**WORK TASK:** Leave the pictures out and restate every line below exactly.

*** PROVIDED DATA ***

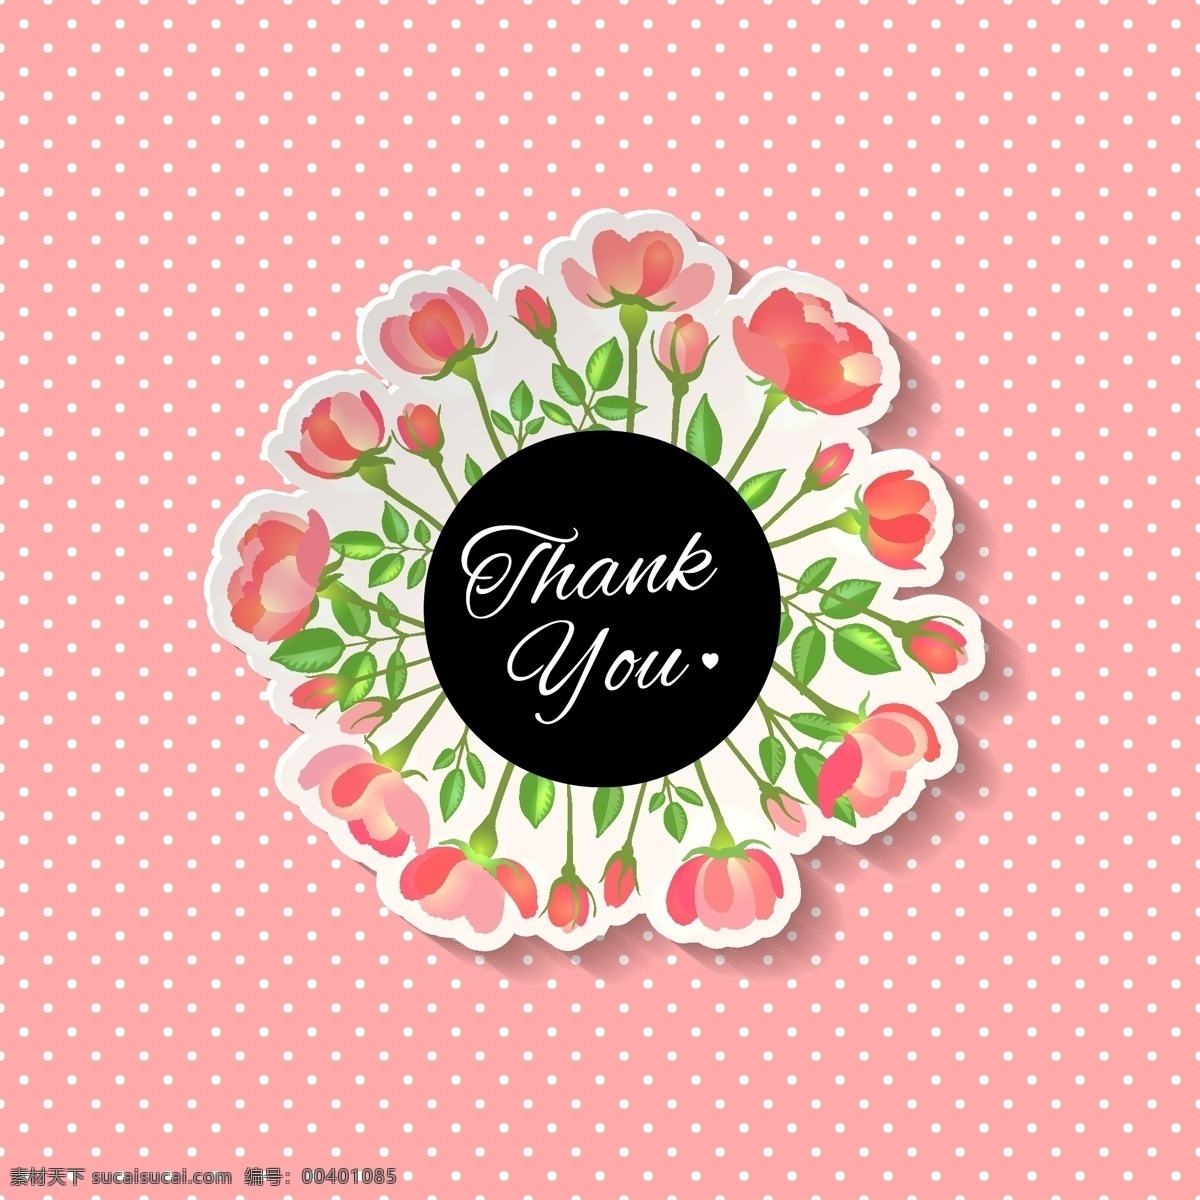 矢量 粉色 感谢 感恩 卡片 花朵 创意设计 广告背景 平面设计素材
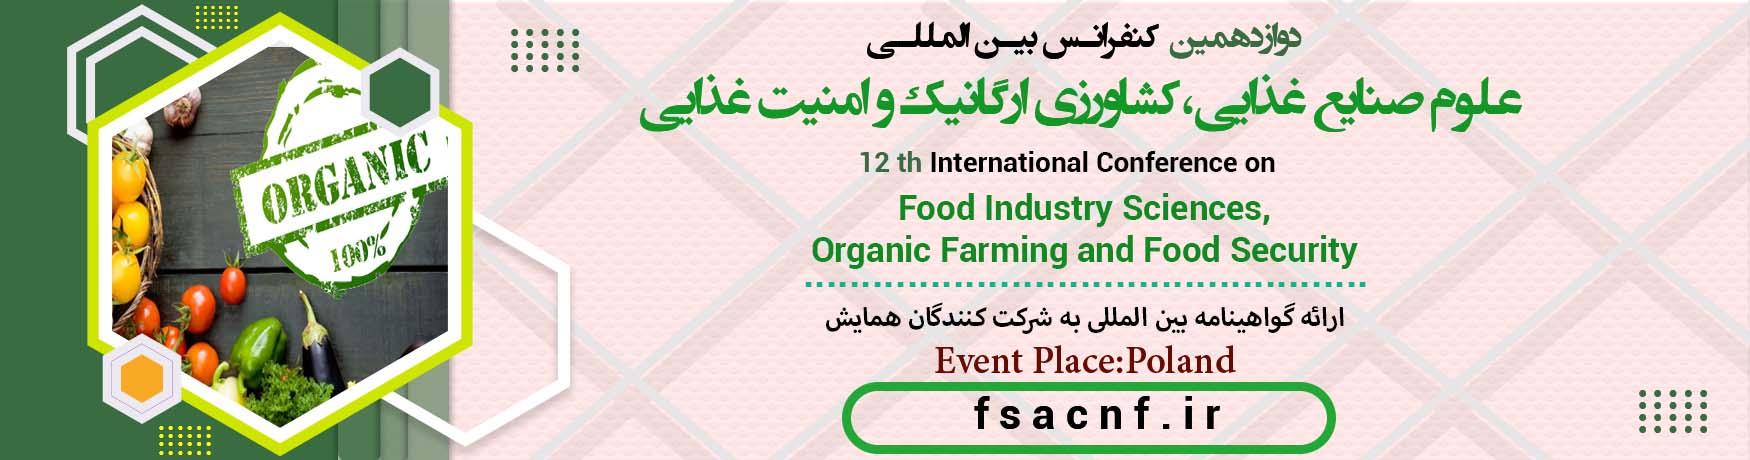 کنفرانس بین المللی علوم صنایع غذایی،کشاورزی ارگانیک و امنیت غذایی
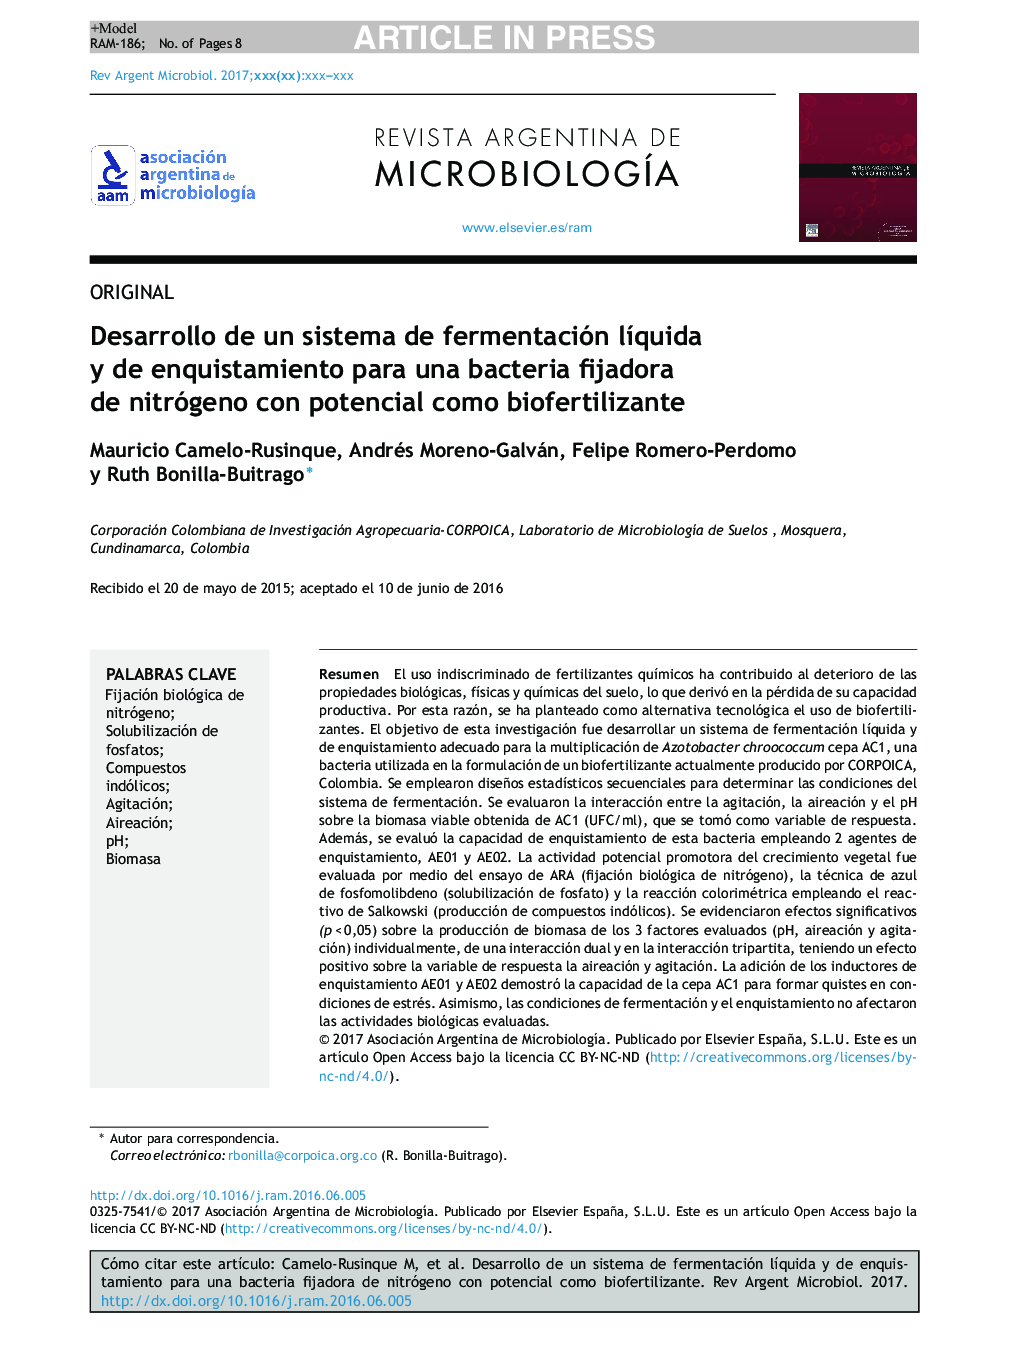 Desarrollo de un sistema de fermentación lÃ­quida y de enquistamiento para una bacteria fijadora de nitrógeno con potencial como biofertilizante

*** End of PROVIDED DATA ***

**ANSWER BELOW:**
 矢量 粉色 感谢 感恩 卡片 花朵 创意设计 广告背景 平面设计素材
 کنفرانس بین المللی علوم صنایع غذایی،کشاورزی ارگانیک و امنیت غذایی
 Desarrollo de un sistema de fermentación lÃ­quida y de enquistamiento para una bacteria fijadora de nitrógeno con potencial como biofertilizante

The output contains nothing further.